Comment raconte-t-on sa douleur ou son désir sans honte, quand on n’a à sa disposition que des mots qui dénigrent son corps ? L’aventure japonaise du manuel féministe Our Bodies,Ourselves nous parle du rôle que le langage joue comme arme de défense de nos corps et nous emmène dans une librairie féministe, devenue fabrique de résistances.
Nombreuses sont celles au Japon qui se souviennent de la librairie des femmes Shokado à Kyoto. Épicentre féministe de la région du Kansai depuis les années 1970, le lieu fait se croiser des féministes de tous horizons, dans une effervescence qui doit beaucoup à sa créatrice, Toyoko Nakanishi. Parmi les nombreux événements et projets que Shokado abrite, un des plus ambitieux reste sans doute l’adaptation de l’ouvrage nord-américain Our Bodies, Ourselves, désormais devenu un classique. Entre 1985 et 1988, au 2ème étage de ce petit établissement, une cinquantaine de femmes s’attelle à ce vaste chantier de repenser leur corps dans une langue où les mots n’existent pas pour le raconter.
Les informations recueillies pour cet article proviennent des récits et souvenirs passionnants de certaines participantes, consignés dans divers écrits disponibles en anglais (voir générique de fin).
De Boston à Kyoto : la mise en réseau féministe
Tout débute en 1971 aux États-Unis : un collectif de femmes à Boston (le Boston Women’s Health Book Collective) porté par le mouvement de libération des femmes, publie un ouvrage qui fait l’effet d’une déflagration dans le paysage de l’époque. Our Bodies, Ourselves (OBOS pour les intimes) est le fruit du travail collectif de femmes aux parcours divers, décidées à mettre fin à l’ignorance sur leur propre corps en prenant en main leur santé et leur sexualité.
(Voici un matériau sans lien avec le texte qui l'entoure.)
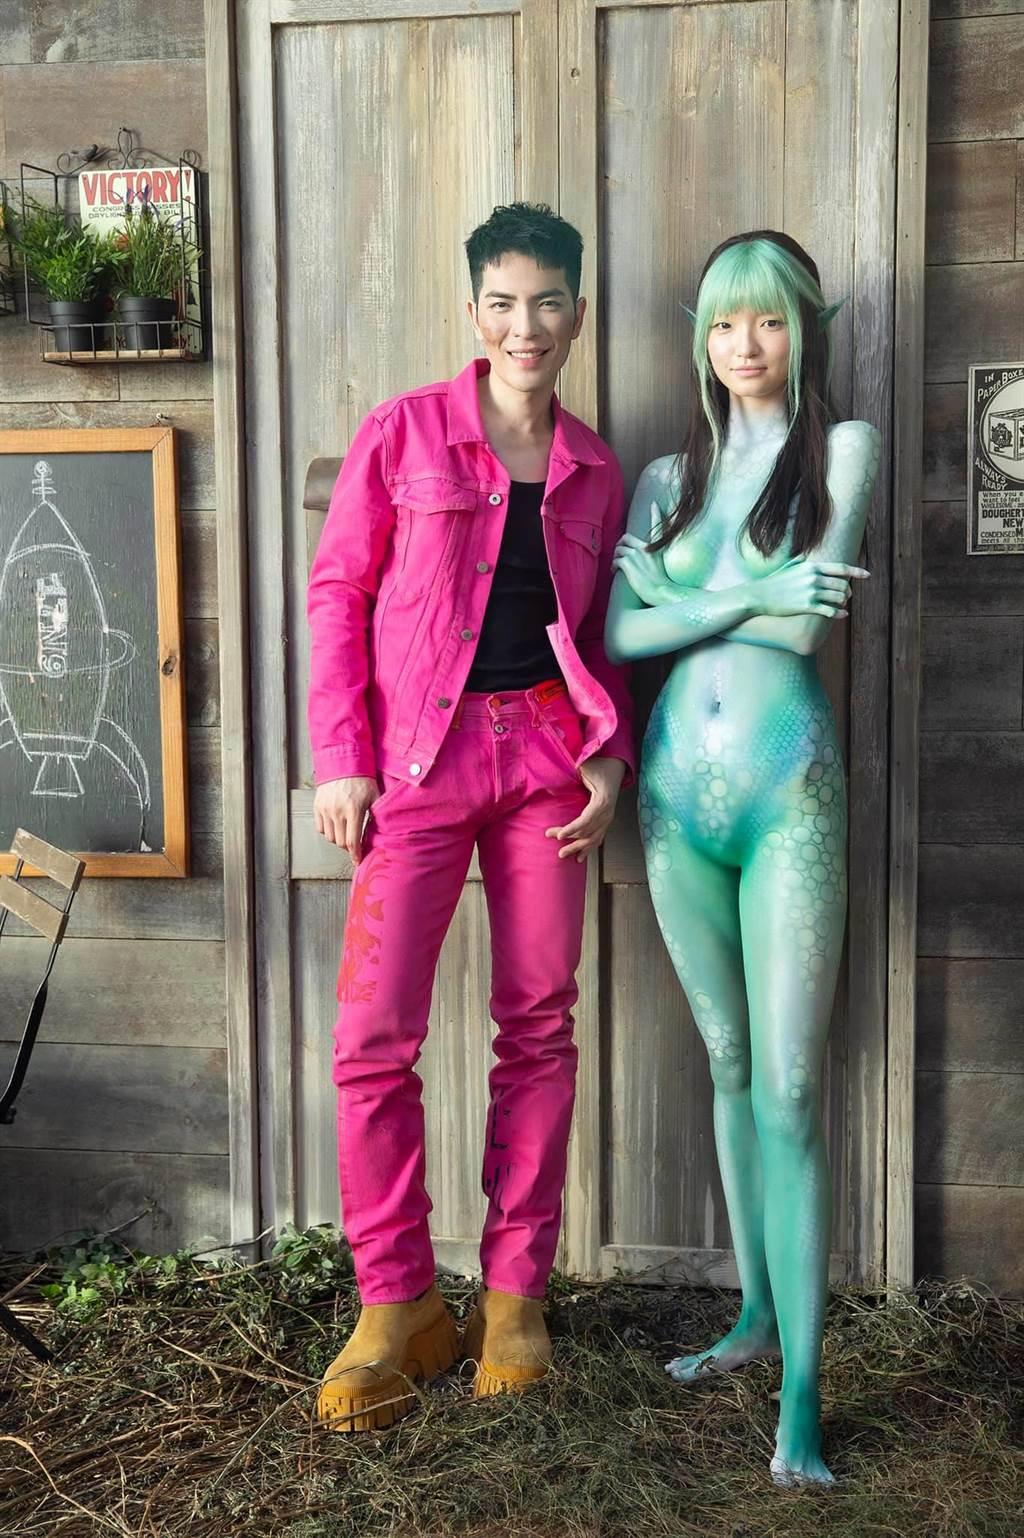 「石湖綠」展現外星人的奇幻朦朧美。(翻攝自喜鵲娛樂臉書)

Le livre, en raison de son caractère provocant et nouveau pour l’époque s’arrache, se prête entre copines ou se transmet de mères en filles, avant d’être ensuite traduit dans de nombreux pays. C’est, donc, à travers l’adaptation japonaise, à la vivacité des réseaux féministes au Japon que l’on va s’intéresser.
Shokado : une librairie par et pour les femmes
Miho Ogino, éditrice et traductrice « en cheffe » du projet à Kyoto, raconte dans la préface japonaise de Sacrificing Our Selves for Love que l’aventure démarre à Chicago en 1984, quand la sociologue féministe Chizuko Ueno y découvre OBOS qui vient d’être réédité. Elle décide alors de faire part de sa découverte auprès des Japonaises grâce à une newsletter intitulée Livres de Femmes, éditée par Toyoko Nakanishi.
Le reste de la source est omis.